# Fun With Apache Lucene and BERT Embeddings

After publishing the blog post on neural search with BERT and Solr (6.6.0), I got a few questions on how to run this with version 8.6.x of Solr. It took me a few days of going back and forth, and quite honestly a bit of despair, and finally a helping hint from the Lucene committer Adrien Grand (https://twitter.com/jpountz/status/1324093784460873731) to solve. I thought I’d share a few bits on what it took to upgrade vector query functionality from Solr 6.6 to 8.6.x and also explain the nitty-gritty detail of storing the dense embedding in Lucene and querying it in Solr.

## Background

The original implementation was published in https://github.com/saaay71/solr-vector-scoring accompanied with an easy to follow tutorial on how to set up vector search in Solr 6.6.0. The plugin allows to index vector data representing your documents and query them, applying document scoring based on cosine or dot product similarity. This plugin is very similar to the Elasticsearch plugin: https://github.com/MLnick/elasticsearch-vector-scoring (currently unmaintained, since Elasticsearch got their own implementation of dense vectors and vector based scoring: https://www.elastic.co/guide/en/elasticsearch/reference/current/dense-vector.html offered under X-Pack which requires a commercial subscription).

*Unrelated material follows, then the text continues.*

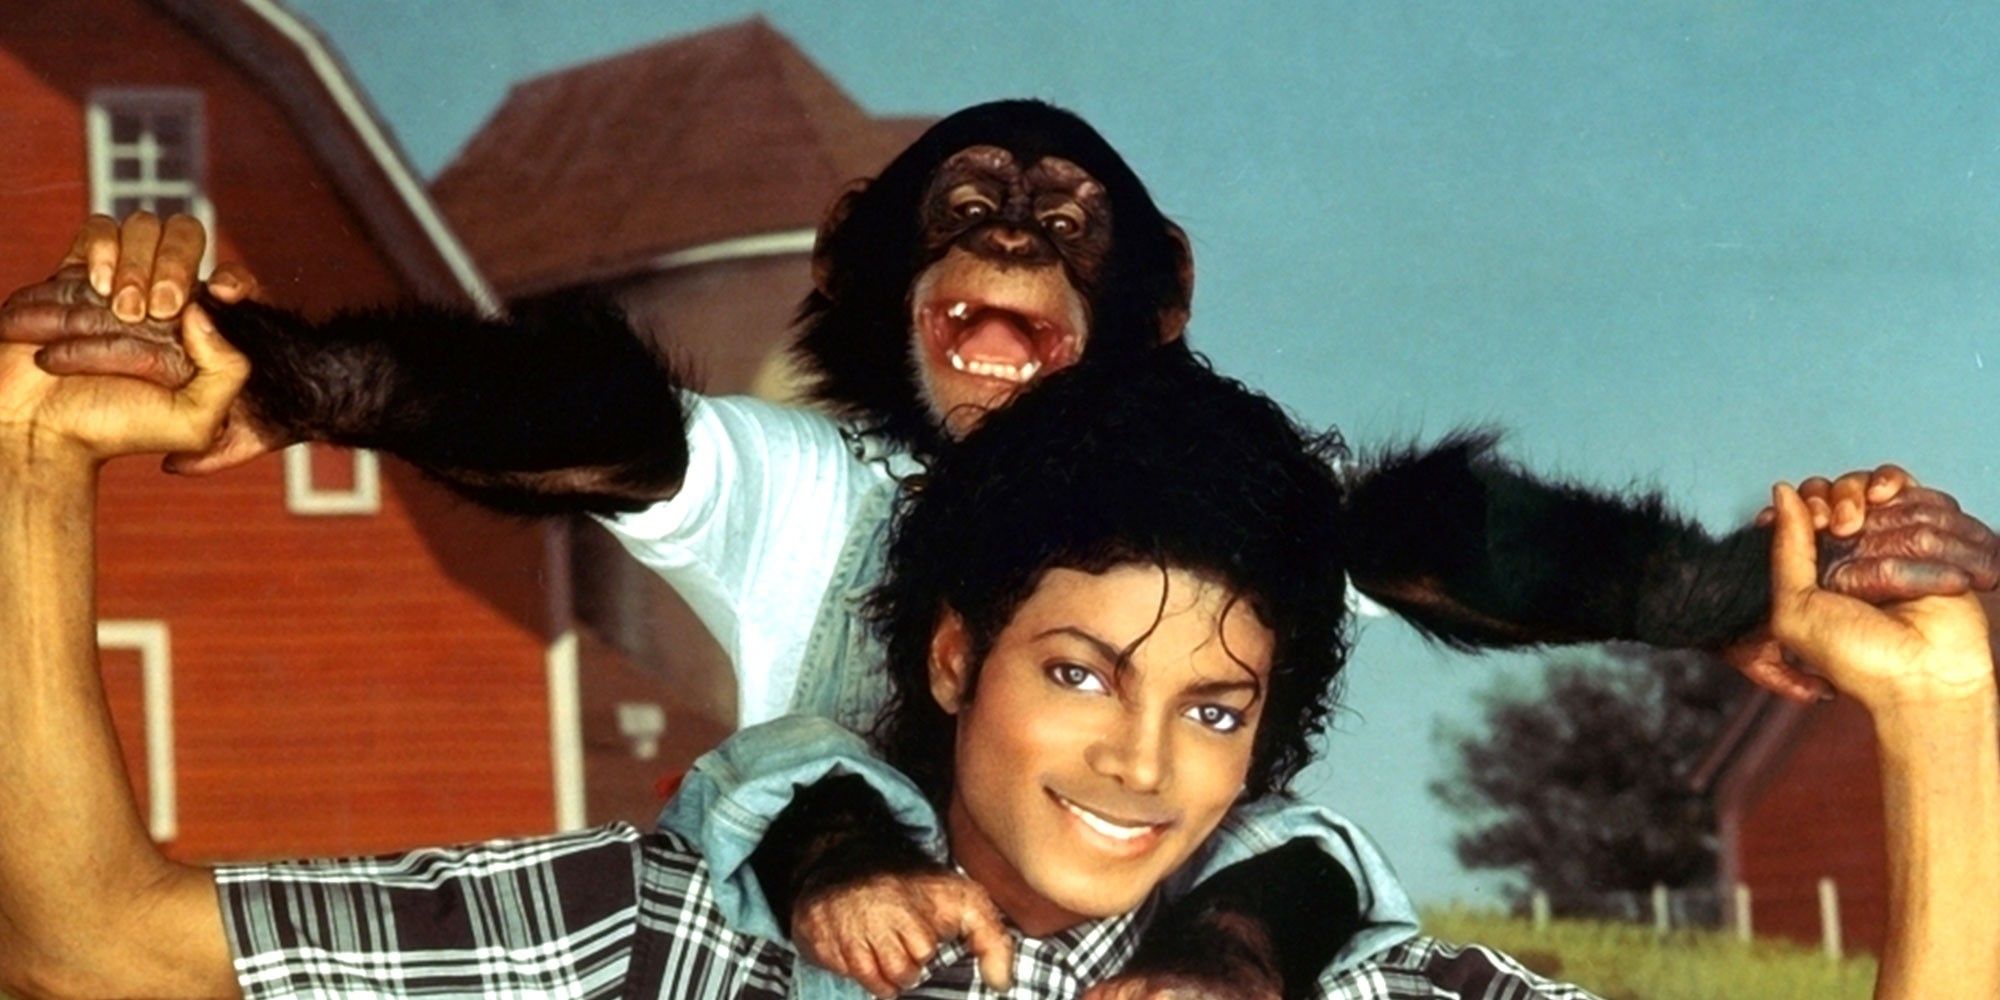 Michael Jackson and Bubbles

Google’s BERT got a lot of traction in the NLP community because it allowed Google to improve the search relevance for 10% of their queries. There’ve been a few implementation of BERT with Solr in academia, but not many publicly available tutorials on how to implement it at home, for instance with Solr. That is why I wrote the blog post about going practical with Solr and BERT.

In this post I will go one step more technical and dive into Lucene internals, understanding of which will allow us to upgrade to more recent versions of Lucene and Solr.

## BERT embeddings: how to store in Lucene

The solr-vector-scoring plugin is storing the vector embeddings in binary format, each vector dimension encoded as float. On the configuration level it looks like this. As input we pass whitespace delimited vector values in payload format i|j, where i is the dimension id and j is the value along i-th dimension:

`"vector":"0|1.55 1|3.53 2|2.3 3|0.7 4|3.44 5|2.33 "`

To store such values in Solr, we define the following field type:

`<fieldType name="VectorField" class="solr.TextField" indexed="true" termOffsets="true" stored="true" termPayloads="true" termPositions="true" termVectors="true" storeOffsetsWithPositions="true">`

<analyzer>

<tokenizer class="solr.WhitespaceTokenizerFactory"/>

<filter class="solr.DelimitedPayloadTokenFilterFactory" encoder="float"/>

</analyzer>

</fieldType>

Under the hood the solr.DelimitedPayloadTokenFilter uses DelimitedPayloadTokenFilter and it encodes anything to the right of the payload delimiter | in the requested format (float). And this data structure is sent to Lucene index for the given document.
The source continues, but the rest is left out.